This lightly sweet cornbread is less crumbly than traditional versions, which makes it easier to slice. The jammy tomato sauce as accompaniment is fit for the season. A wonderful side dish to serve alongside grilled meat or summer salad.
Tomatoes are a rich source of lycopene, a carotenoid antioxidant shown to offer some protection against UV-induced skin photodamage and skin photoaging. Lycopene from cooked tomatoes is more easily absorbed than from fresh ones. Corn is a source of additional skin-benefitting carotenoid compounds, and is where its sunny colour comes from.
No buttermilk in the fridge? It’s possible to make a good substitute with regular milk. First, combine milk and lemon juice or white vinegar in a glass measuring cup or bowl. For every cup of milk, use 2 Tbsp (30 mL) of lemon juice or vinegar. After stirring, let sit for 10 minutes to thicken. Then, simply use as you would buttermilk in the recipe.

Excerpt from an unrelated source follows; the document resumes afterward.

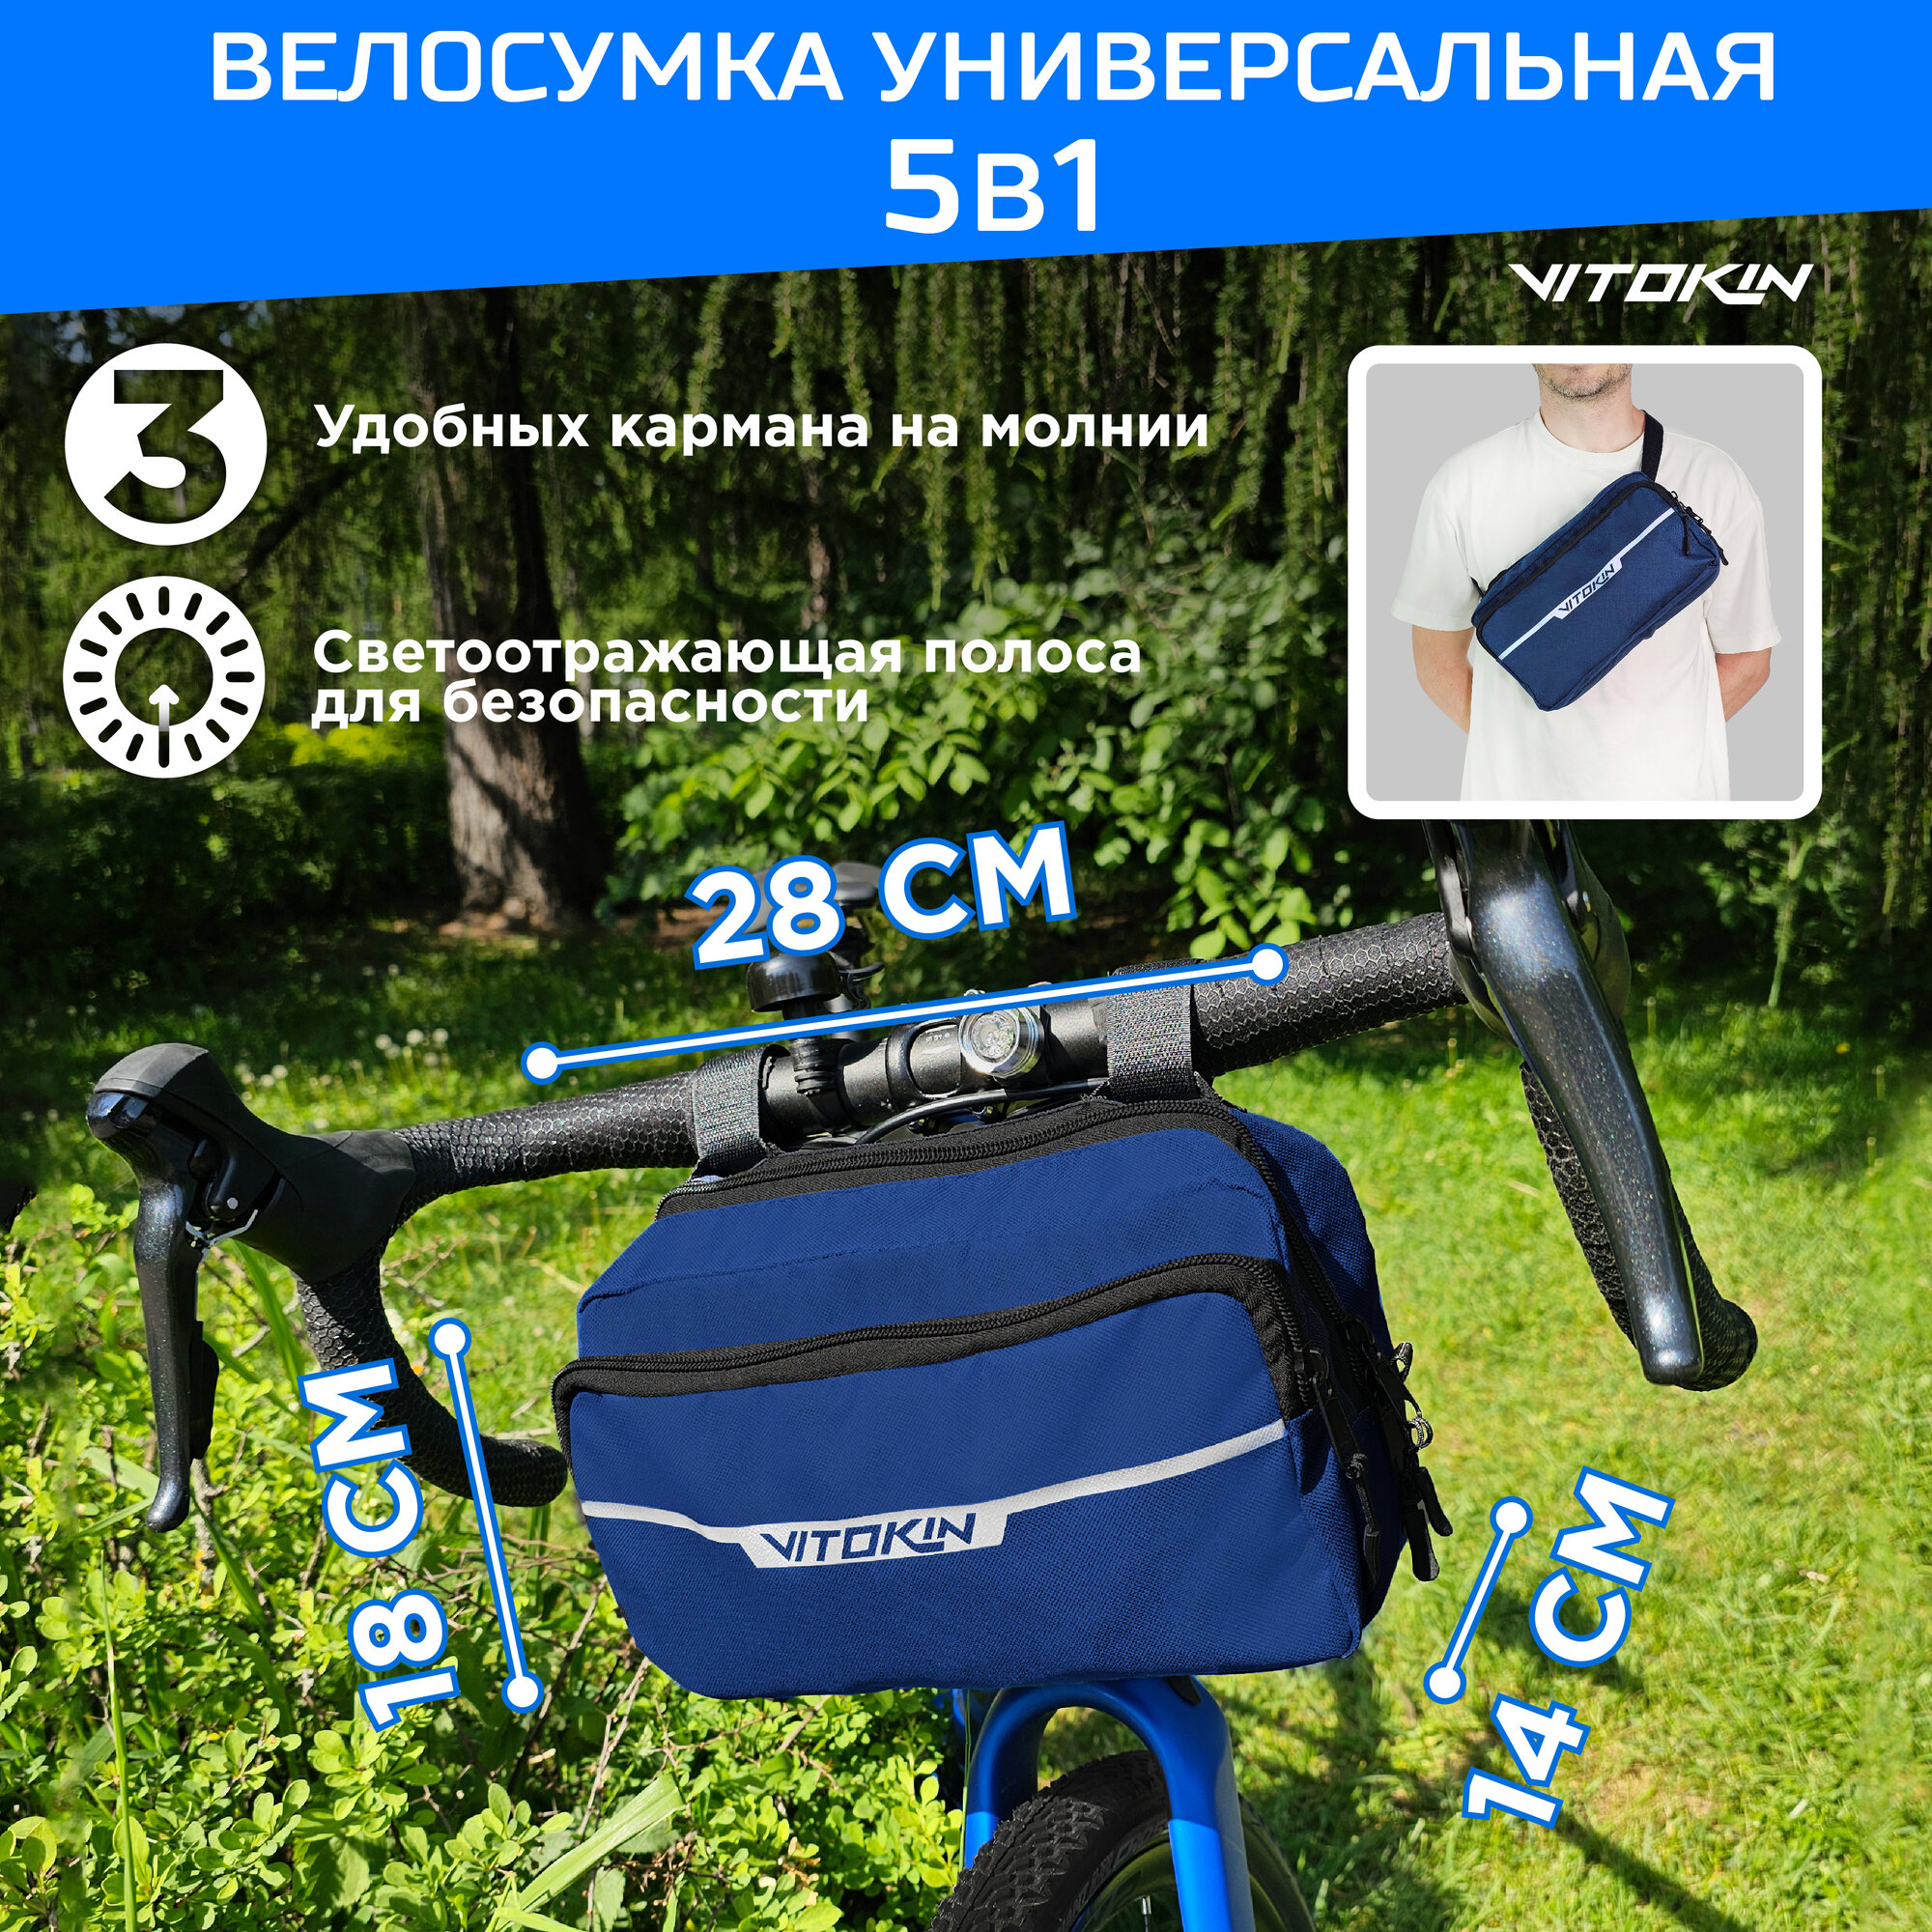 Велосумка на руль спортивная с ремнем для пояса VITOKIN, синяя

This recipe was originally published in the August 2025 issue of alive magazine.
Preheat oven to 350 F (180 C). Grease a 5 x 9 inch (13 x 23 cm) loaf pan. Line bottom of pan with parchment paper. Place pan on baking sheet.
In large mixing bowl, whisk cornmeal, flour, sugar, baking powder, baking soda, and salt. In another bowl, whisk together eggs, olive oil, and thyme, then slowly whisk in buttermilk until combined. Add wet to dry ingredients and mix until just combined. Gently fold in corn. Transfer batter to prepared pan and level out top with spatula or wooden spoon.
Bake in preheated oven until wooden skewer or toothpick inserted in centre comes out nearly clean, about 45 to 50 minutes. Transfer to wire cooling rack. Cool 15 minutes. If necessary, loosen sides with butter knife, then carefully turn out loaf.
To prepare tomatoes, in large skillet, heat oil over medium. Add onion and heat until softened, about 5 minutes. Stir in garlic and heat 1 minute. Add tomatoes, salt, and red pepper flakes to skillet; heat until tomatoes are very soft and starting to break down. Stir in basil and heat 1 minute. Stir in balsamic vinegar.
Serve slices of warm cornbread with tomato sauce.